Kevin LaCroix has some further thoughts on John Gorman’s criticism of the proposal of FRB Governor Daniel Tarullo and certain academics that bank officers and directors should be held to a different (i.e., more stringent) fiduciary standard than officers and directors of other types of corporations. After discussing John Gorman’s criticism of Tarullo’s proposal, LaCroix also discusses recent decisions by a federal district court judge in Georgia and the Georgia Supreme Court, the upshot of which is that while bank officers and directors (in Georgia, at least) are entitled to the protection of the business judgment rule, there may be some basis for holding them liable for ordinary negligence (as opposed to the higher “gross negligence” liability standard that is the “default” standard under FIRREA and the effective standard if the business judgment rule is applied). Kevin is concerned.
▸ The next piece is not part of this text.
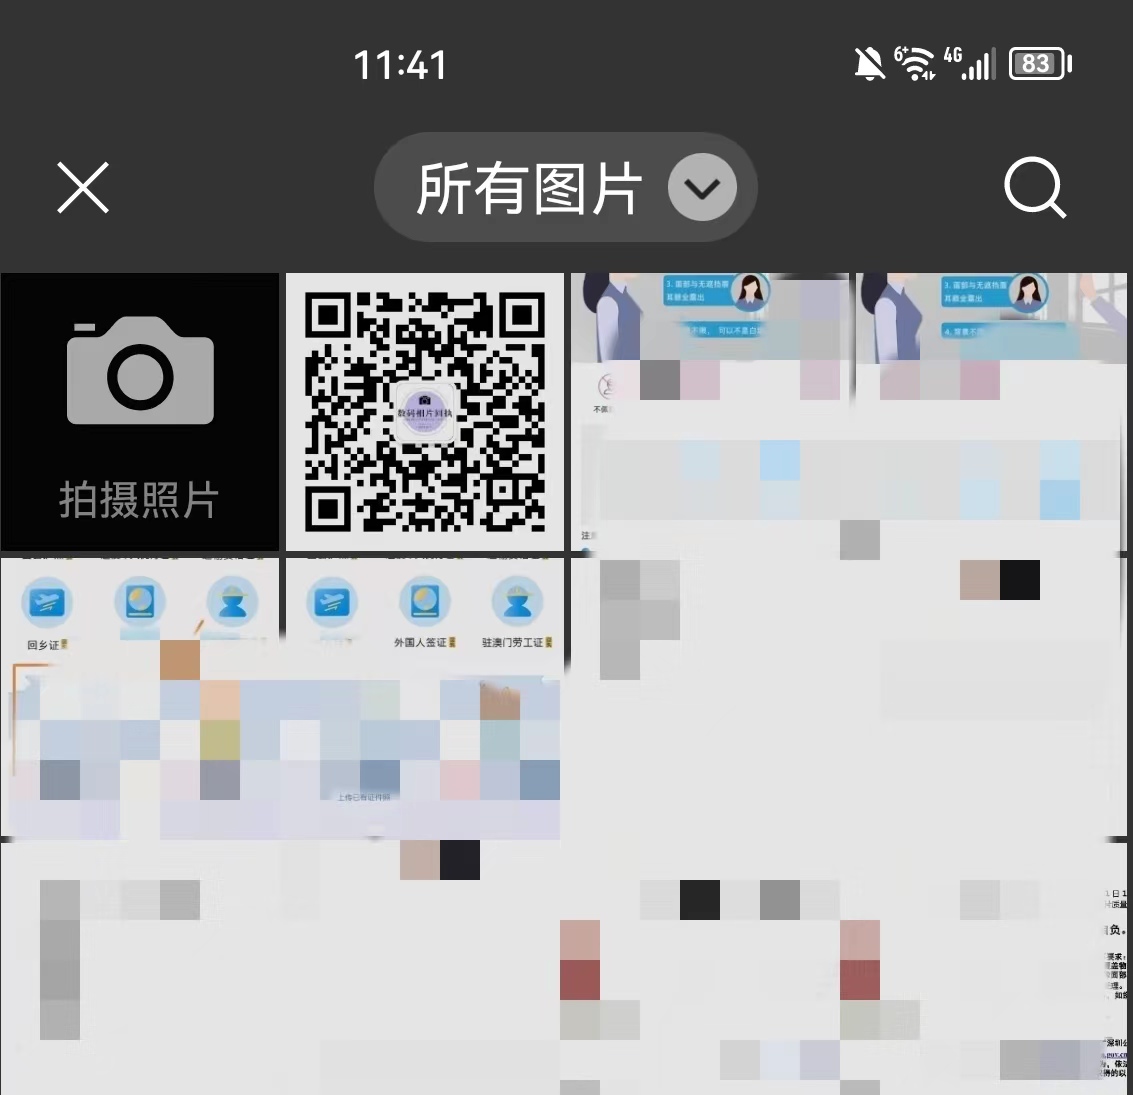 深圳身份证照片回执可以自己弄吗？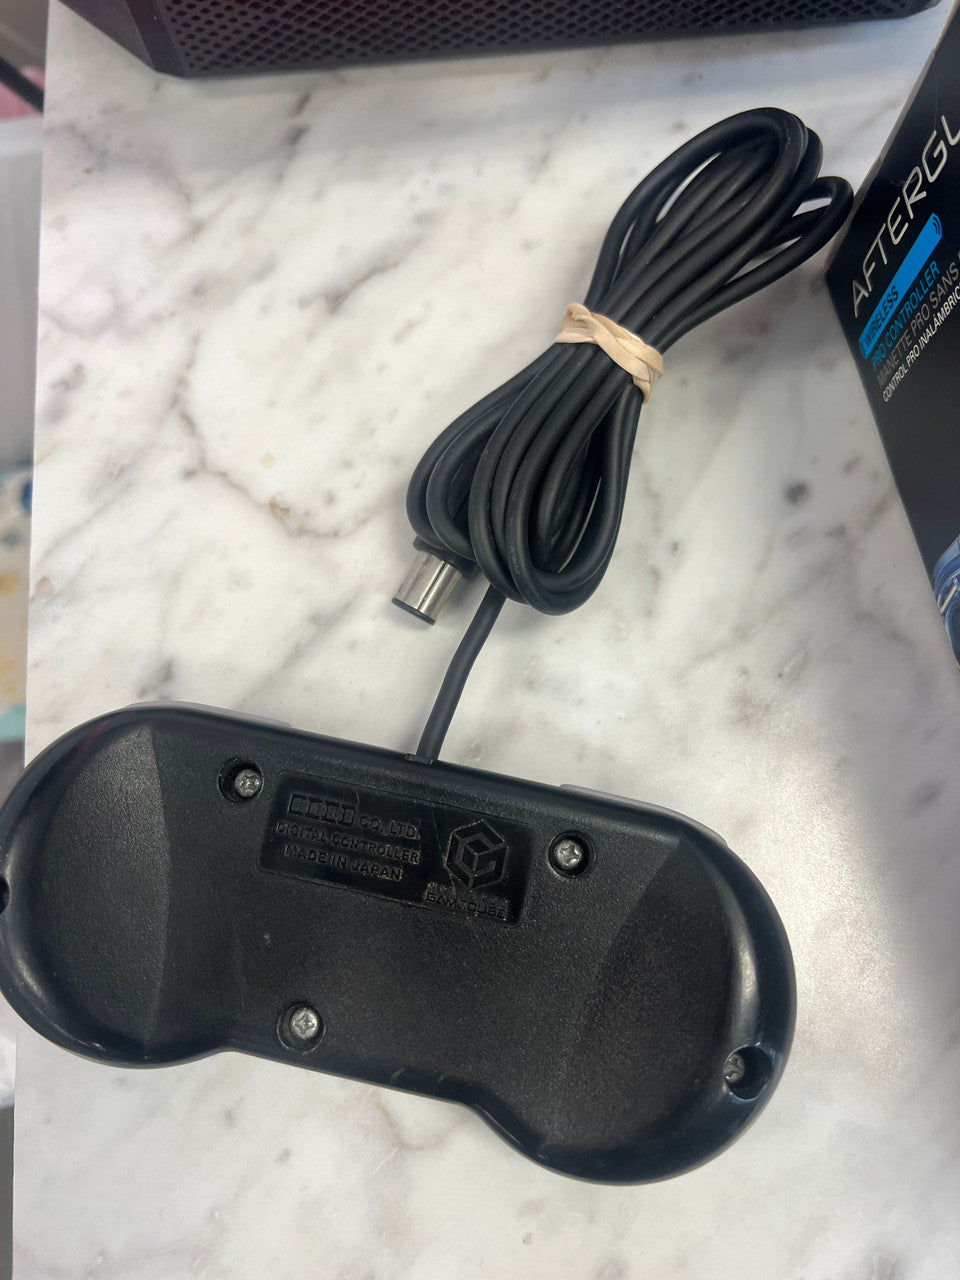 Official HORI Digital Pad Nintendo Gamecube Controller Black Bad A button

It should be emphasized that the academics’ proposal to hold bank directors to a higher standard was limited just to directors of systemically important financial institutions. I share the concerns John Gorman expressed in his American Banker article about this proposal. However, I have additional concerns, which is that there are already theories floating around that bank directors should be held to a different standard than directors of other companies, as shown by Judge Thrash’s remarks in the Buckhead Community Bank case. My concern is that if the idea were accepted that directors of systemically important banks should be held to have expanded fiduciary duties, the idea would quickly expand beyond just systemically important institutions and be applied to many , most, or even all bank directors, without regard to whether or not their institution is systemically important.
This was the same concern I expressed in my earlier post, and it’s comforting to know that other observers share your concern about “trickle down” liability.
Kevin is particularly concerned about the spate of litigation directed against officers and directors of failed banks by the FDIC. The FDIC has been attempting to whittle away the business judgment rule wherever possible. The long-range implications are troubling.
There undoubtedly are meritorious lawsuits filed against bank directors, particularly where there is evidence of self-dealing or complete abdication of responsibility. Just the same, the overall level of litigation aimed at bank directors is both excessive and socially inefficient, particularly with respect to the litigation that so often follows after banks’ failures. So often the failed bank lawsuit allegations consist of little more than scapegoating and hindsight second-guessing. Creating a liability regime that would encourage further litigation and expand the potential liabilities of bank directors would accomplish little except enlarging the litigation burden that prospective directors would have to consider before accepting a seat on a bank board.
There is no question that prospective directors of financial institutions (especially community banks) have to think long and hard about the potential liability before agreeing to accept a board seat. For an increasing number of otherwise qualified candidates, the decision may be that if you don’t have “a dog in the hunt” (a substantial financial investment in the bank), the benefits of being on the board do not outweigh the risks if (God forbid!) “something bad happens.”